Thinking about the future (Heather)

It goes without saying that thinking about the future is definitively fundamental, however unsettling the unknown may be. Considering all future options while seizing optimal opportunities as they are presented can greatly increase future success and life satisfaction.  In fact, research suggests that future prospection can lead to greater career success in positions more closely aligned with an individual’s goals and aspirations1. Thinking about the future with an understanding of one’s career and life goals, can lead to more efficient and prudent decision making, allowing an individual to reach those ultimate goals. 

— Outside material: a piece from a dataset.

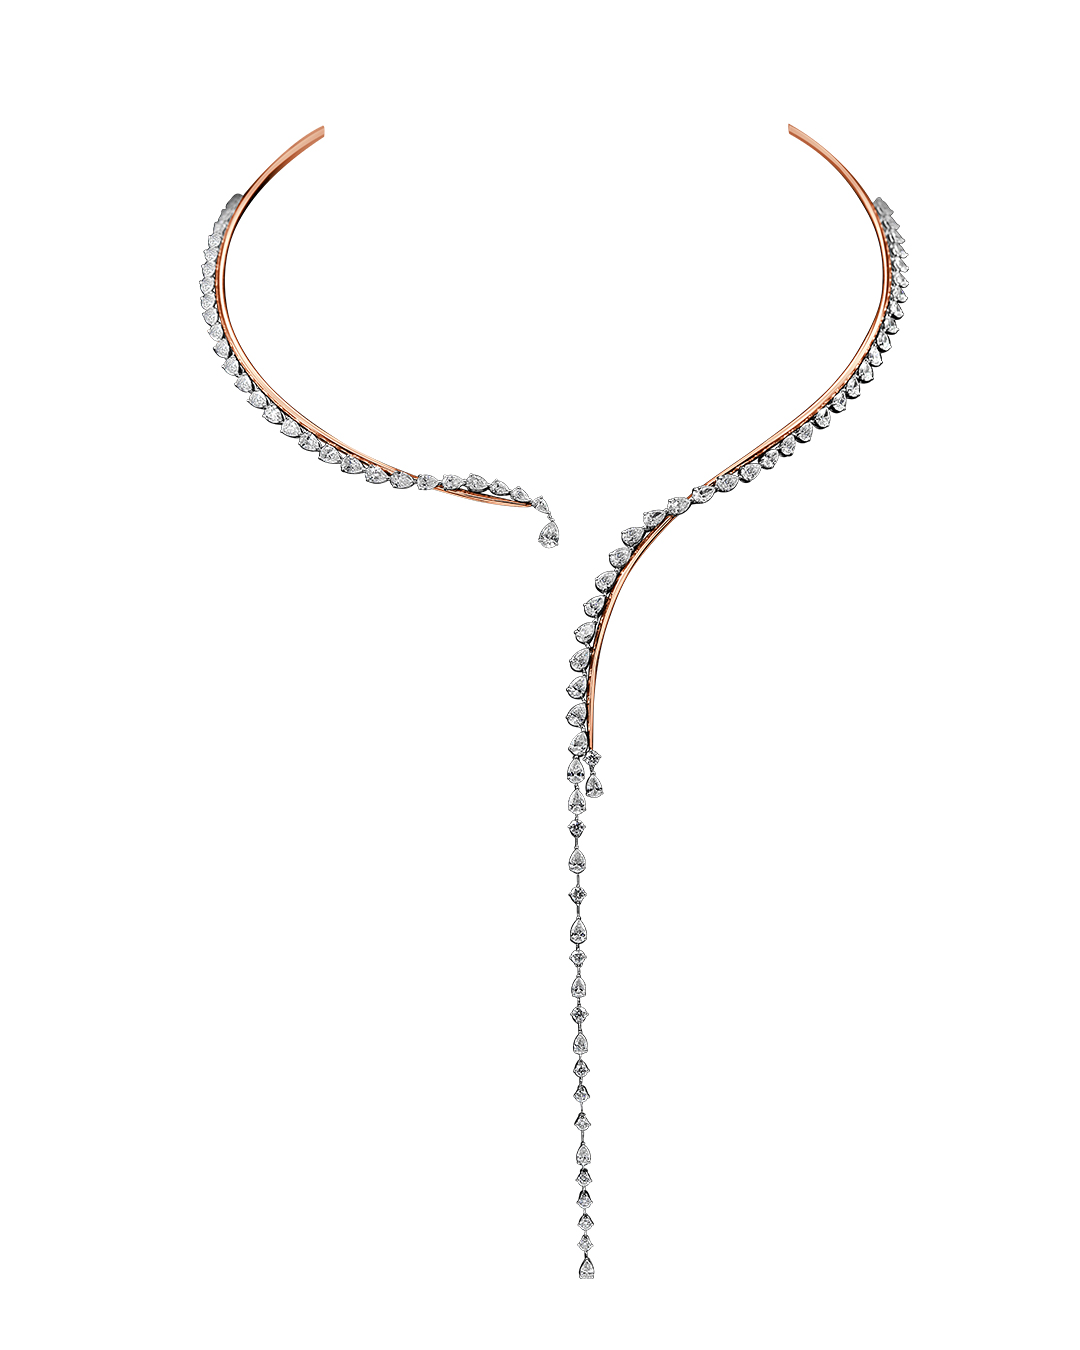 Minimalist diamond choker necklace

Despite the clear positives of future prospection, the future tends to intimidate the younger generation, especially students. Personally, I had no idea what my next steps would be when I walked the graduation stage to receive my undergraduate degree in Psychology (other than the fact that I was certain I did not want to pursue a position within that field – hence my existential dilemma).  Having taken a couple years to work before beginning my masters, I eventually discovered my ideal career path. However, the discovery certainly required some hefty lifting in the department of ‘thinking about the future’. Through all the soul searching, I’ve compiled a (hopefully) useful guide for several productive methods for thinking about the future.

  • Consider timeframes

One significant downfall of prospective thinking is that it has the potential to consume an individual. Constant snowballing or planning every second ahead of the last will lead you to forgetting how to live in the moment. Consider creating 1-, 5-, and 10-year, as well as ultimate plans for your career and/or personal goals, assessing progress along the way. However, avoid getting too caught up in plans – a key aspect of life and living it in the moment is that things will change.

  • Try different things

This is essential – how are you ever going to know that you enjoy something if you don’t try it? It looks like our parents were right about that after all! Give jobs, subjects, or hobbies a chance if you think there is a possibility you might enjoy them.  There’s no harm in trying.

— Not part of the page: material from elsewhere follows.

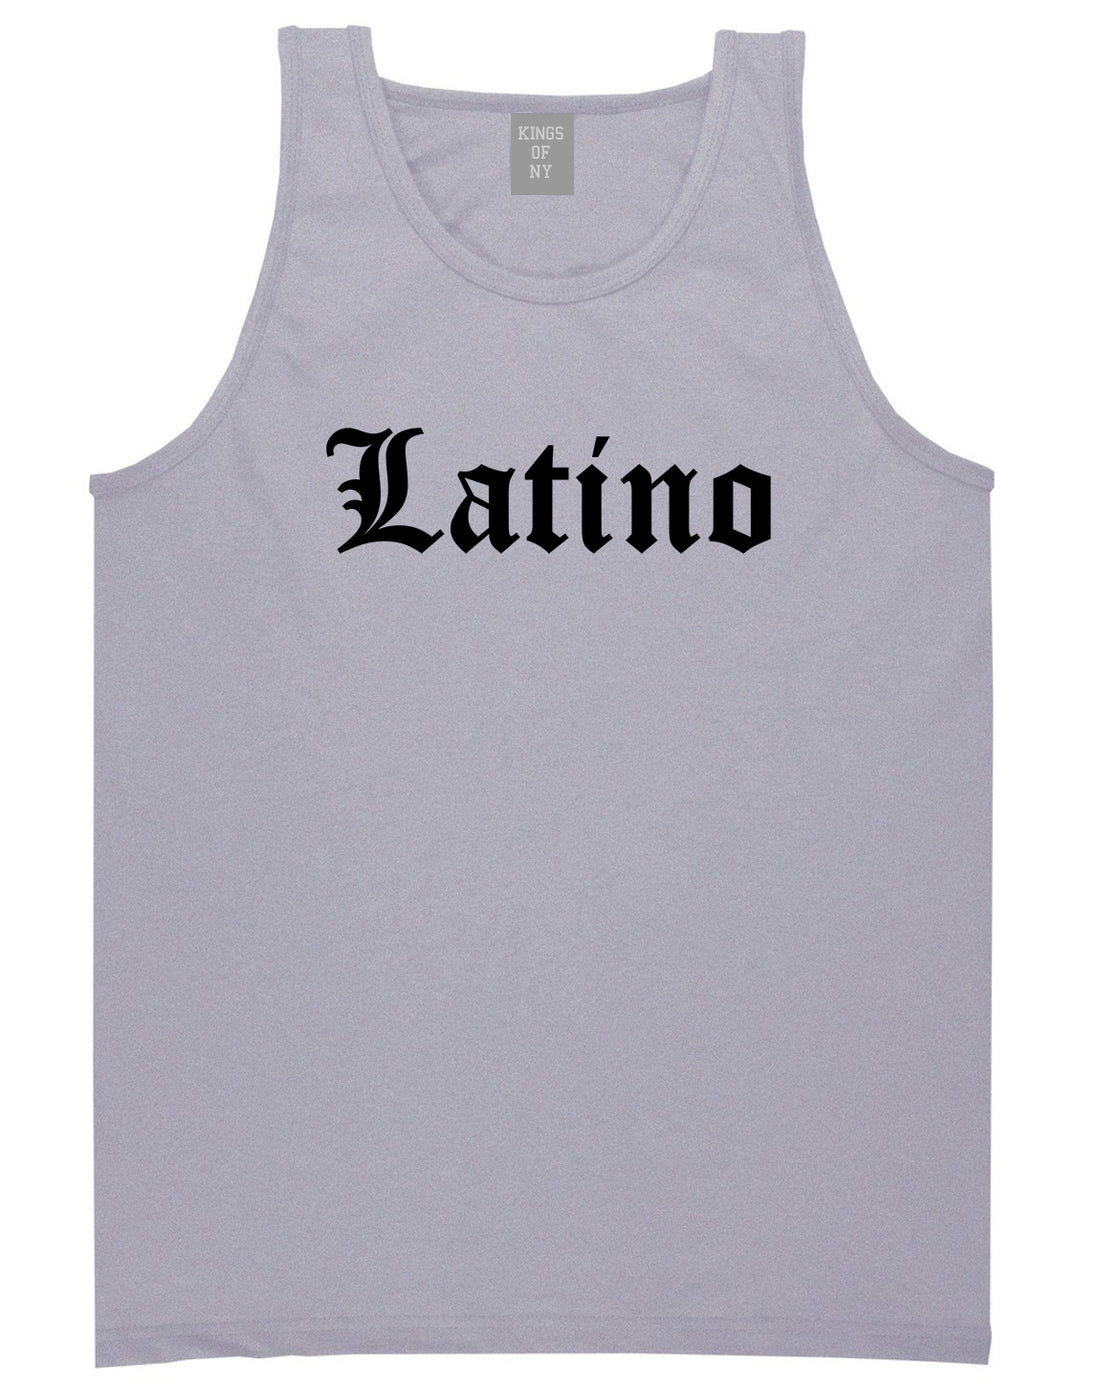 Latino Old English Spanish Mens Tank Top Shirt Grey by Kings Of NY

  • Pay attention to not only what you enjoy, but also what you don’t enjoy

Comparable to weighing all options, it is also important to use trial and error to rule out unsuitable options. My undergraduate degree involved switching my degree five times (yes – FIVE) before I graduated. Some would say I wasted the first two years of undergrad, but I think it was essential in ruling out four other possible career routes that would not have made me happy. Contrast, compare, and keep mental notes of everything. Be patient – it might not come overnight!

  • Understand that there is rarely ever one path

Life loves a curveball, and sometimes you strike out, while other times you hit a home run.  Either way, it will take you on a path that, if you stick to pertinent future decisions, you will likely reach your ultimate goals.  One of the greatest attributes of future leaders is that they understand that the more mistakes one makes, the more one will learn, and the greater the future success.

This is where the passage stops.